Targeted sequencing was performed from plasma-derived cell-free nucleic acid in twenty-one advanced, treatment naïve, non-small-cell lung cancer (NSCLC) patients. Clinically significant genetic alterations were compared with matched tumor NGS profile for each patient (patient-level), and separately for each alteration (variant-level). Cross-platform validation was done for EGFR and KRAS mutations (real-time PCR) and ALK1 rearrangement (immunohistochemistry).
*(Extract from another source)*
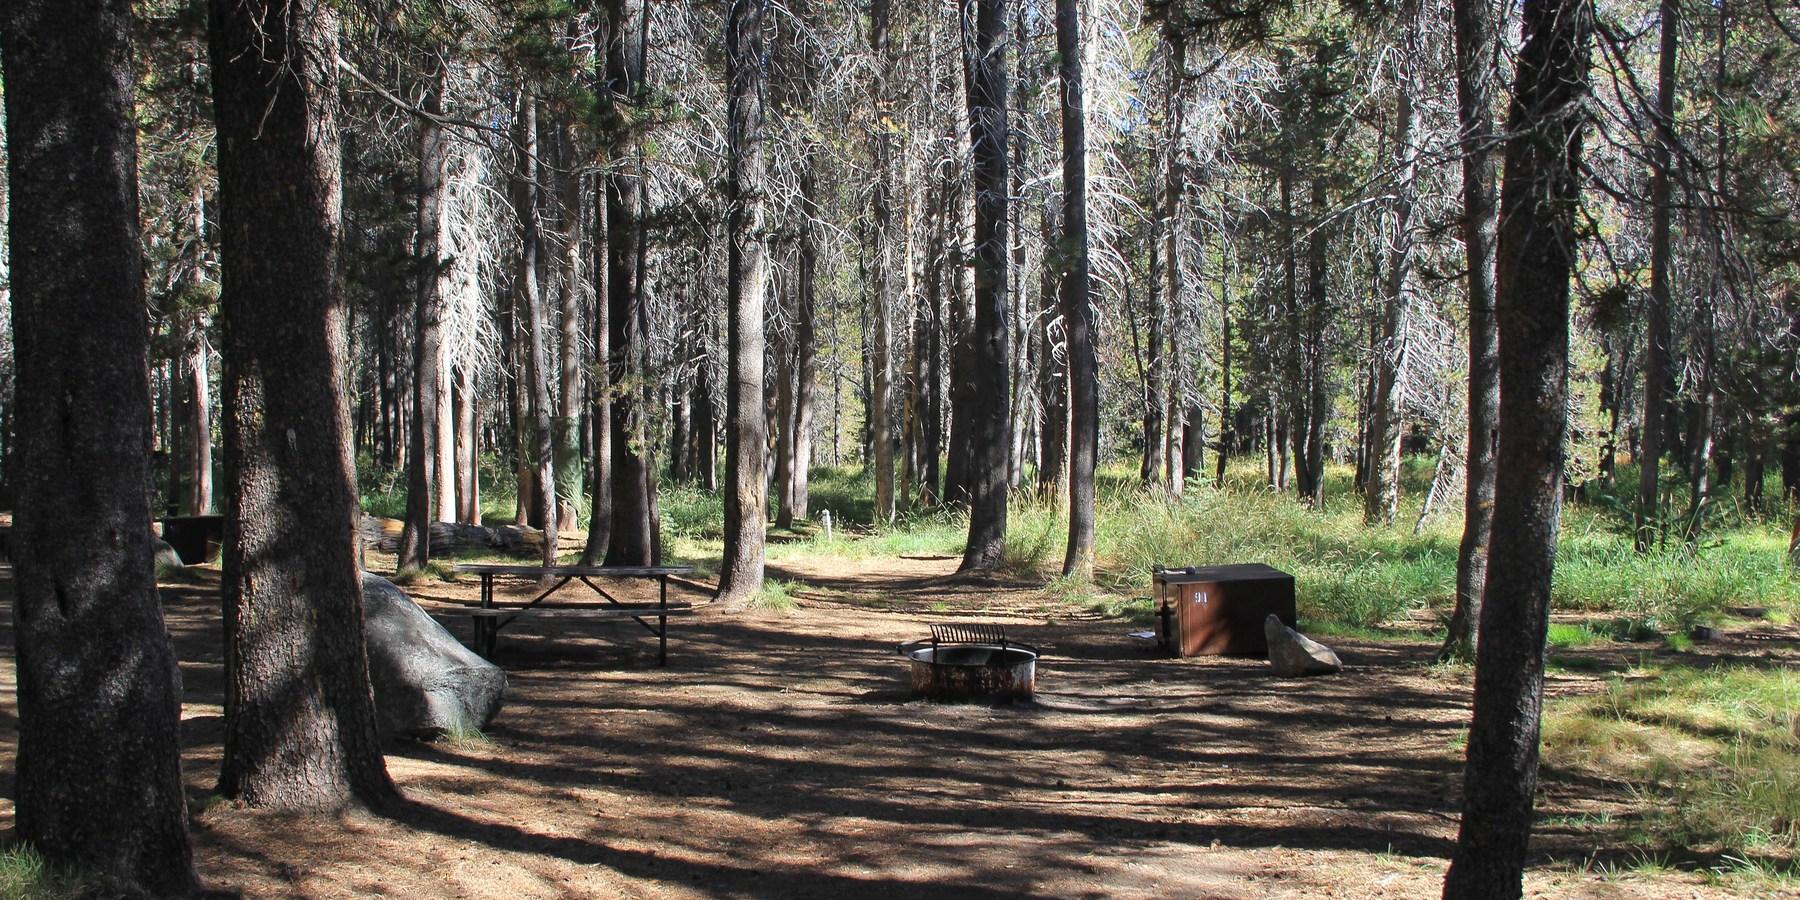 Bridalveil creek campground yosemite national park for Yosemite park camping cabins
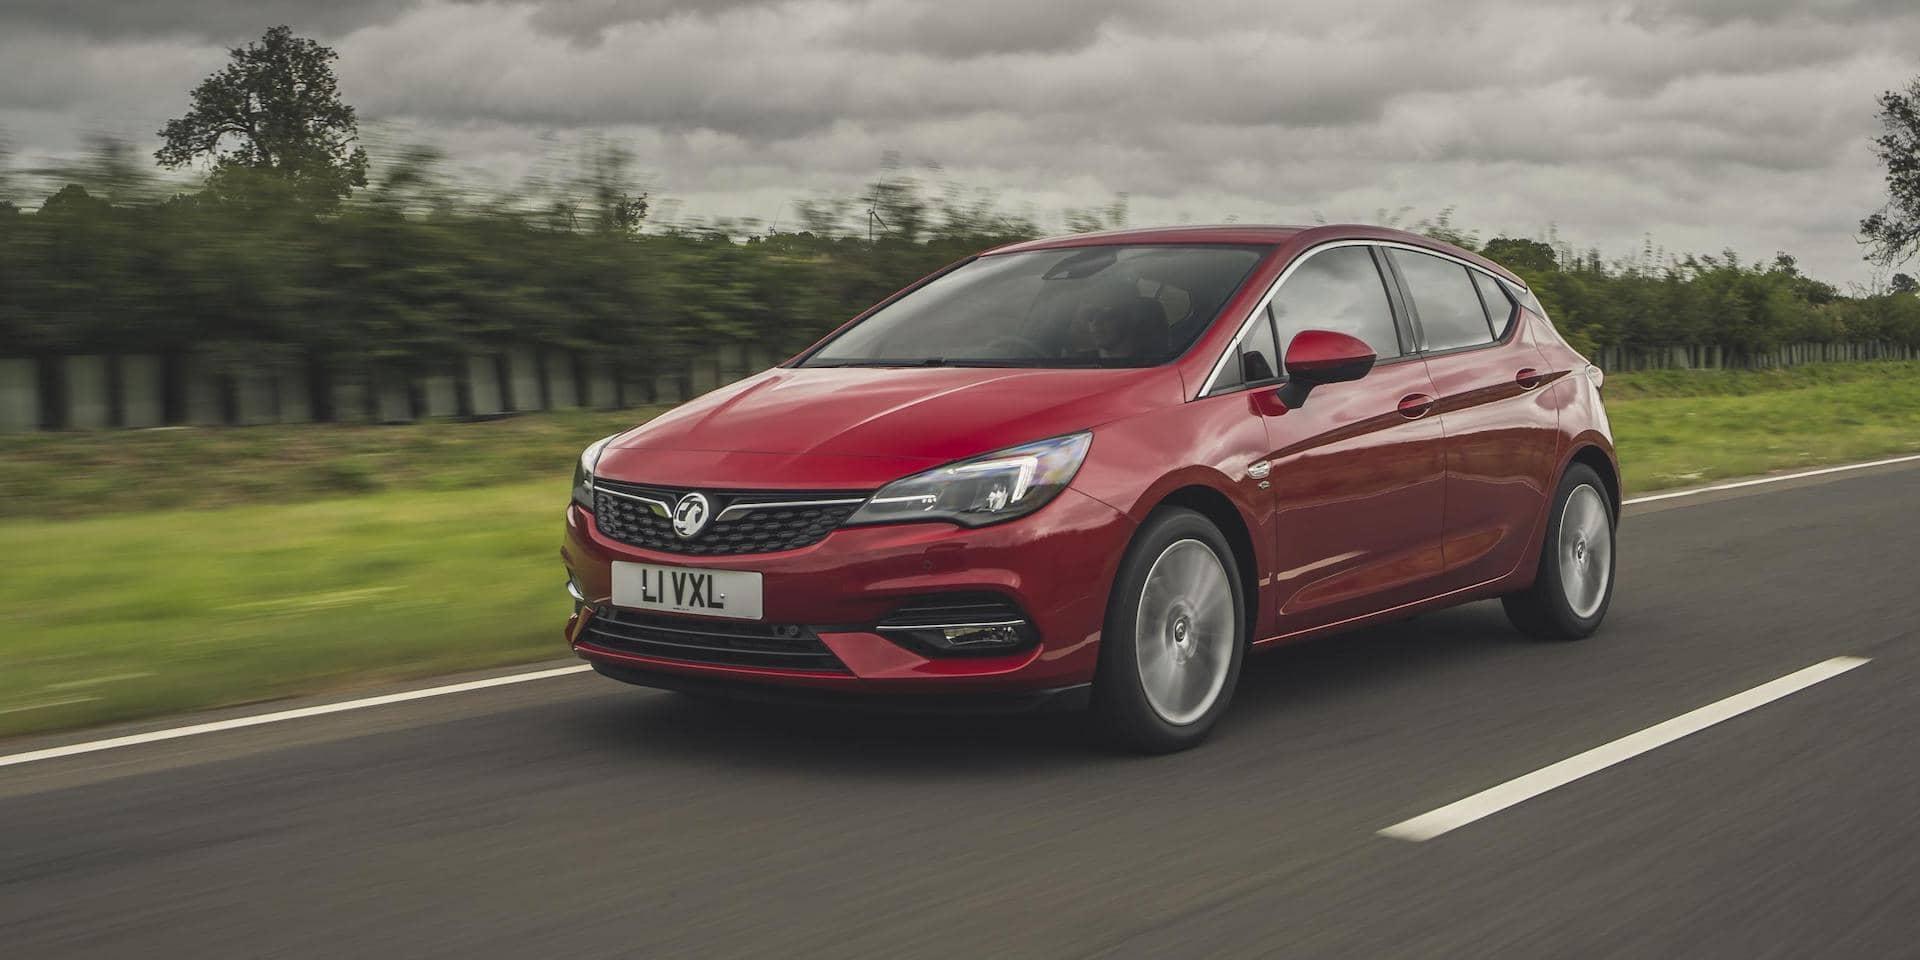 Vauxhall Astra (2015 - present) Expert Rating | The Car Expert

Forty-seven alterations (26 in plasma and 21 in tumor tissue) were detected in 19/21 tested cases. Overall-concordance between the two assays was 94.87%

(κ of 0.71, 95% CI: 0.54-0.89). Patient-level and genic-concordance was 57.1% (12/21 cases) and 67.86%, respectively. Almost perfect agreement was reached for detecting actionable EGFR mutations and ALK1 rearrangement (κ of 0.89 and

κ of 1, respectively), which was confirmed by single-gene testing.

Substantial agreement between the assays makes Tag-sequencing a viable option for identifying multibiomarkers from the plasma of advanced NSCLC patients in special circumstances where tissue has depleted/tumor is inaccessible/high risk of biopsy due to existing comorbidities.